Cyclic Vomiting Syndrome Often Underdiagnosed Due to Limited Awareness and Flawed Diagnostic Criteria

by Archynetys Health Desk

Cyclic Vomiting Syndrome: Underdiagnosed and Challenging to Pin Down

Cyclic Vomiting Syndrome (CVS) is often overlooked by healthcare providers, leading to a high rate of underdiagnosis. A recent study published in Neurogastroenterology & Motility underscores the insufficiencies in awareness and diagnostic criteria for CVS.

Challenges in Diagnosing CVS

Researchers from the United States conducted a study involving about 90 adult patients who maintained a daily diary for six months, tracking their symptoms, frequency, and the duration of episodes. The findings revealed significant discrepancies between the current diagnostic criteria and patients’ actual experiences.

One key issue highlighted in the study is the requirement for a minimum 7-day interval between episodes. The authors argue that this criterion, based on expert consensus rather than empirical evidence, can lead to underdiagnosis as it does not reflect clinical reality.

Expert Insight: Dr. Claudio Romano

Claudio Romano, MD, PhD, head of the Pediatric Gastroenterology and Cystic Fibrosis Unit at the University of Messina, Italy, offers a different perspective on CVS. While he acknowledges the challenges in accurate diagnosis, he disagrees with some of the study’s conclusions. Romano emphasizes that CVS is more accurately classified as a migraine variant rather than a purely gastrointestinal disorder.

“CVS is a clinical condition that presents primarily as vomiting, but it should be understood as a type of migraine,” Romano explains. “The episodes can last hours to days and are often accompanied by other symptoms such as photophobia, headaches, abdominal pain, and epigastralgia.”

Pediatric Onset and Symptoms

The pediatric form of CVS通常 begins in early childhood and is characterized by severe, uncontrollable vomiting episodes. These episodes can start early in the morning and occur several times per hour, often lasting for hours or even days. Between episodes, children typically experience no symptoms.

“Misdiagnosis is common because vomiting is often attributed to other conditions,” Romano says. “Healthcare providers might mistake these episodes for viral infections, food allergies, or intolerance.”

Adult-Onset CVS

CVS can also occur in adults, with a later onset compared to pediatrics. Adult cases are more frequent in women than in men and are often accompanied by neurological symptoms such as migraines and headaches.
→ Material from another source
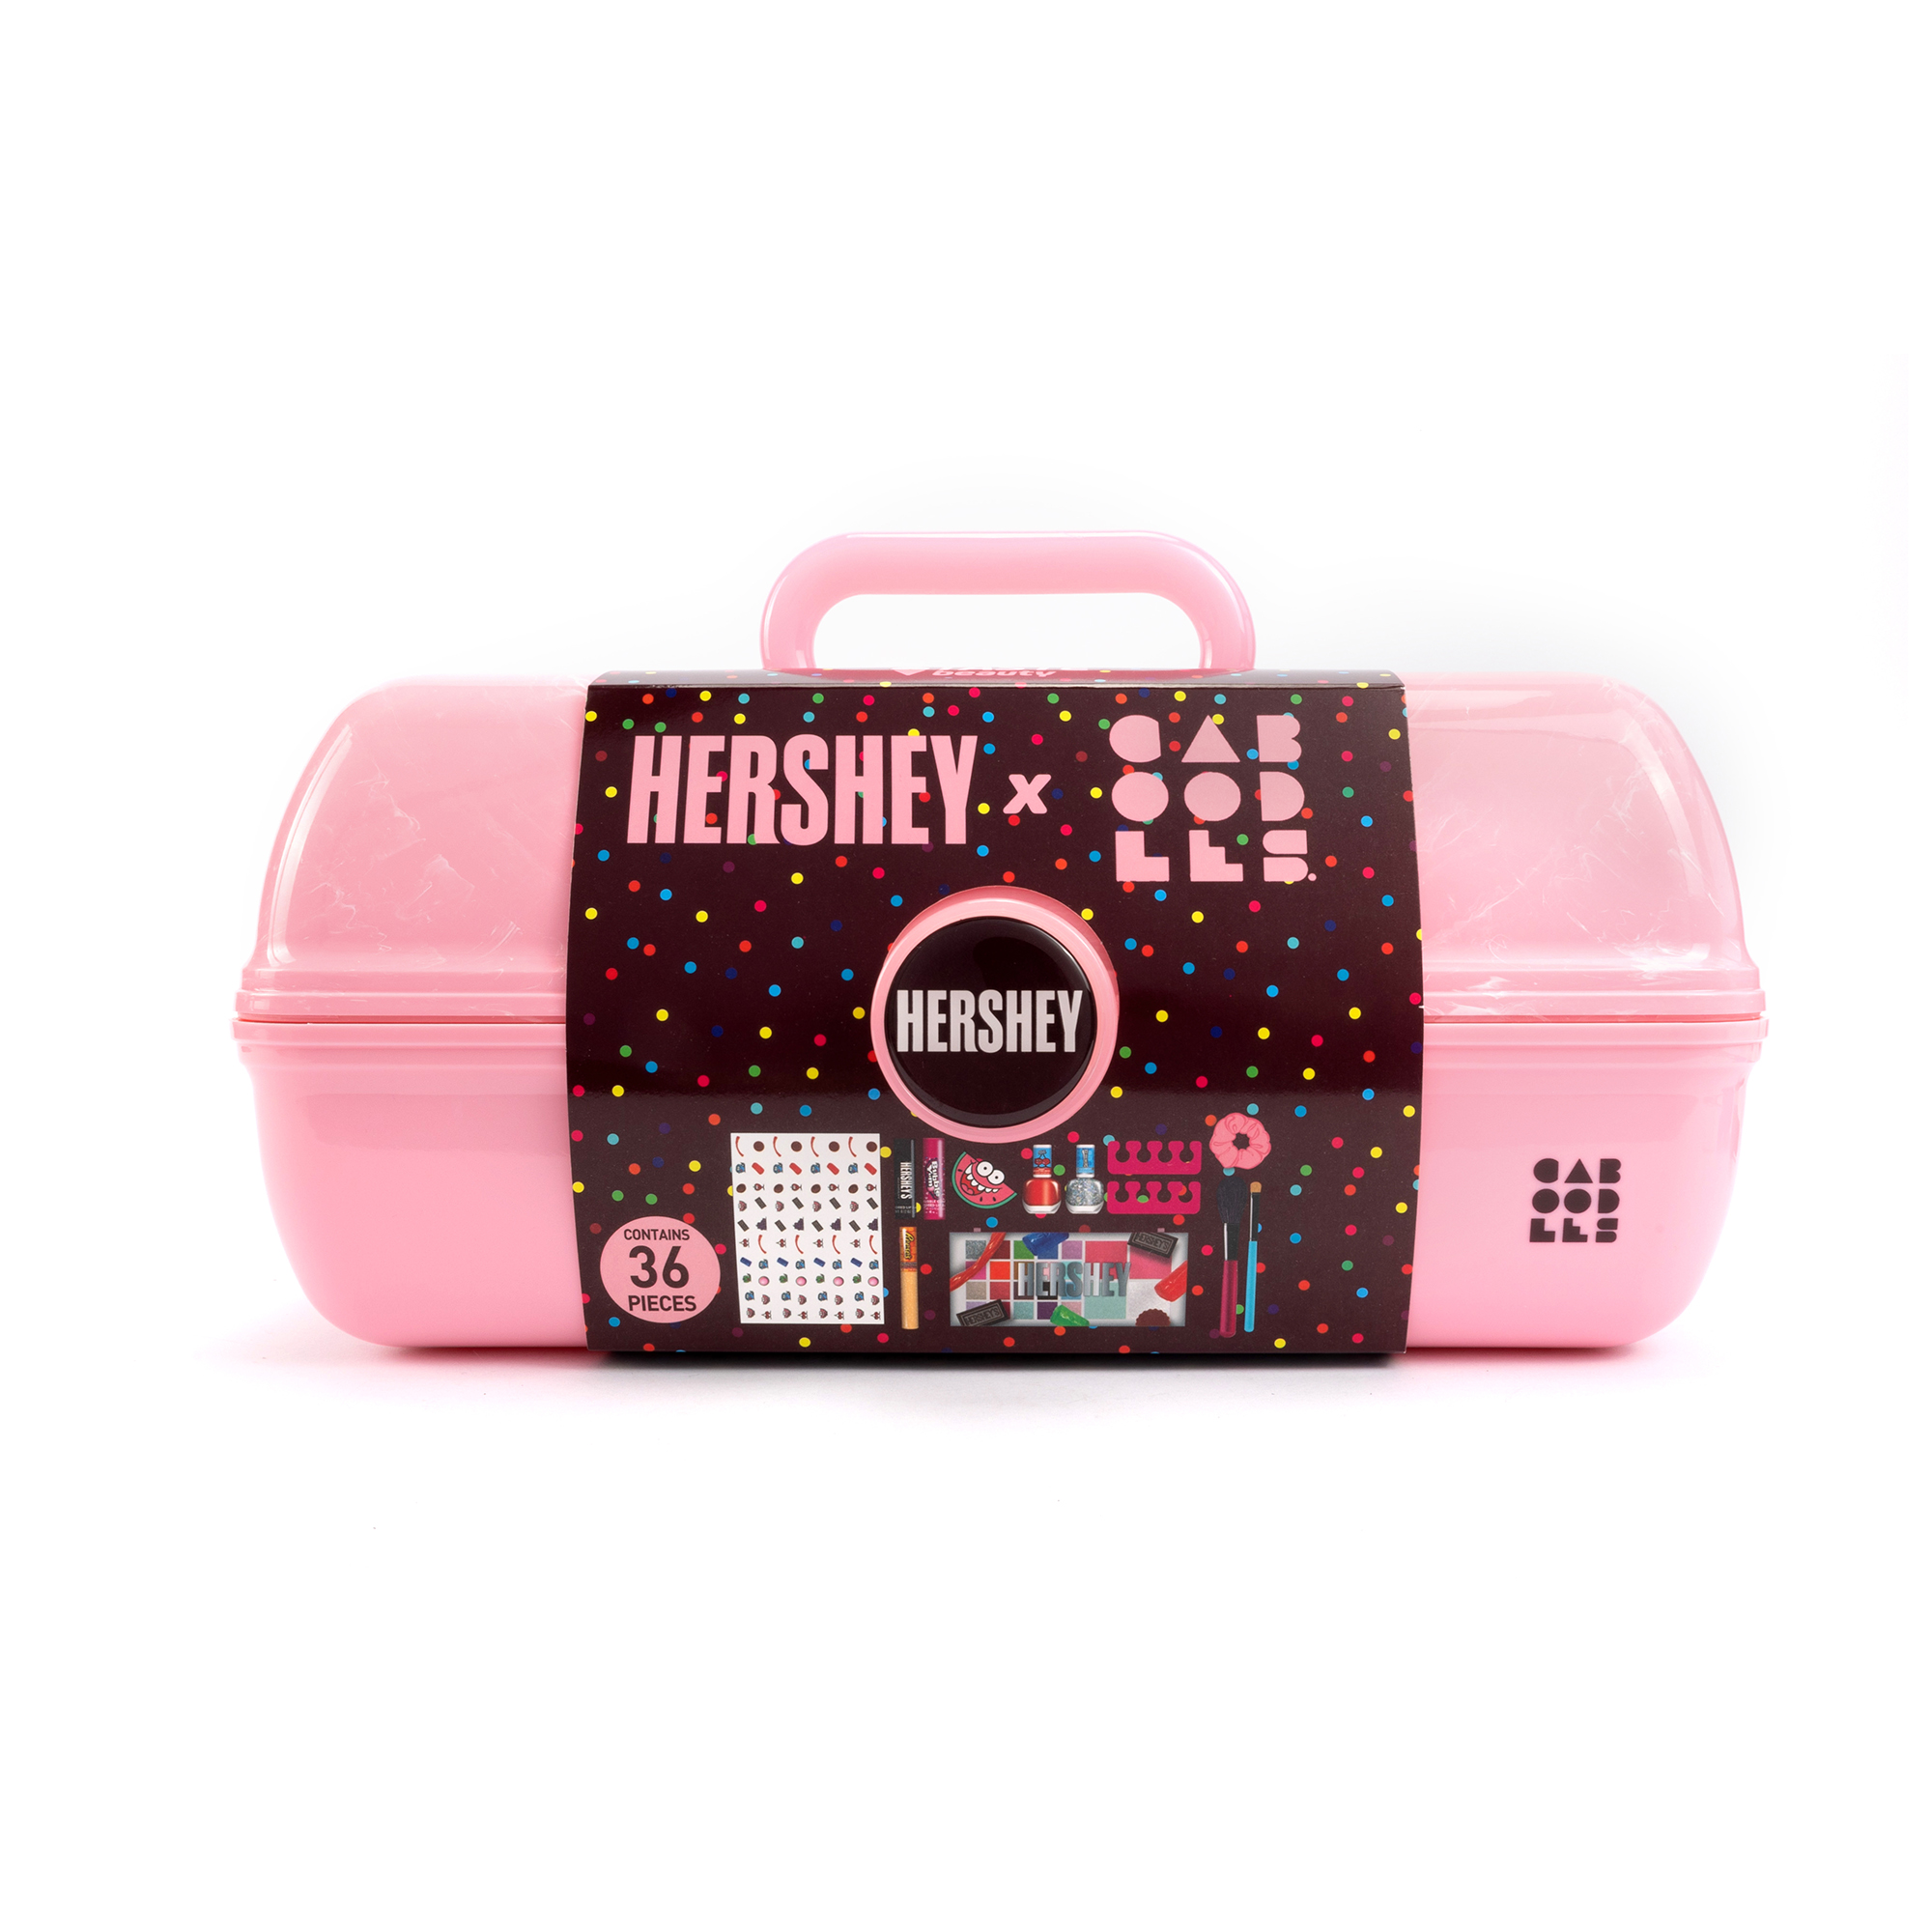 Caboodles x Taste Beauty x Hershey's On The Go Girl Cosmetic case with 13 piece cosmetic set - image 2 of 6

“The ideal approach is to refer patients to a neurologist or neuropsychiatrist rather than a gastroenterologist,” Romano adds. “These specialists are more equipped to handle the neurological aspects of CVS.”

Management and Prevention

Once diagnosed, CVS can be managed with a combination of preventive treatments and strategies for acute episodes. Antiserotonergic medications, advanced migraine drugs, and antiepileptics are commonly prescribed to reduce the frequency of episodes.

“Antiemetics like ondansetron can be effective, but only in about 50% of cases,” Romano notes. “Using these medications early in an episode can significantly shorten its duration.”

Cannabinoid Hyperemesis Syndrome in Adults

It is also crucial to consider cannabinoid hyperemesis syndrome in adults presenting with recurrent vomiting. Contrary to popular belief, cannabis use can exacerbate rather than alleviate vomiting episodes.

“In adults with unexplained, frequent vomiting, cannabinoid hyperemesis syndrome should always be part of the differential diagnosis,” Romano warns.

Prevalence and Diagnostic Criteria

The prevalence of CVS in the general population is difficult to estimate due to a lack of reference centers in Italy. Estimates from North America and Asia suggest a prevalence of about 2%.

“The current diagnostic criteria are largely based on expert opinion rather than empirical evidence,” Romano explains. “However, we have observed patients with up to two episodes per month, each separated by at least 15 days. Weekly episodes are more likely to be chronic vomiting rather than CVS.”

Collaboration Between Specialists

Effective diagnosis and management of CVS require collaboration between specialists. Neurologists, gastroenterologists, and neuropsychiatrists should work together to rule out other potential causes and provide the best care for patients.

“Doctors should suspect CVS in patients with recurring vomiting episodes and consult a neurologist first,” Romano concludes.

This story was translated and edited for clarity and SEO optimization, using AI and human reviews.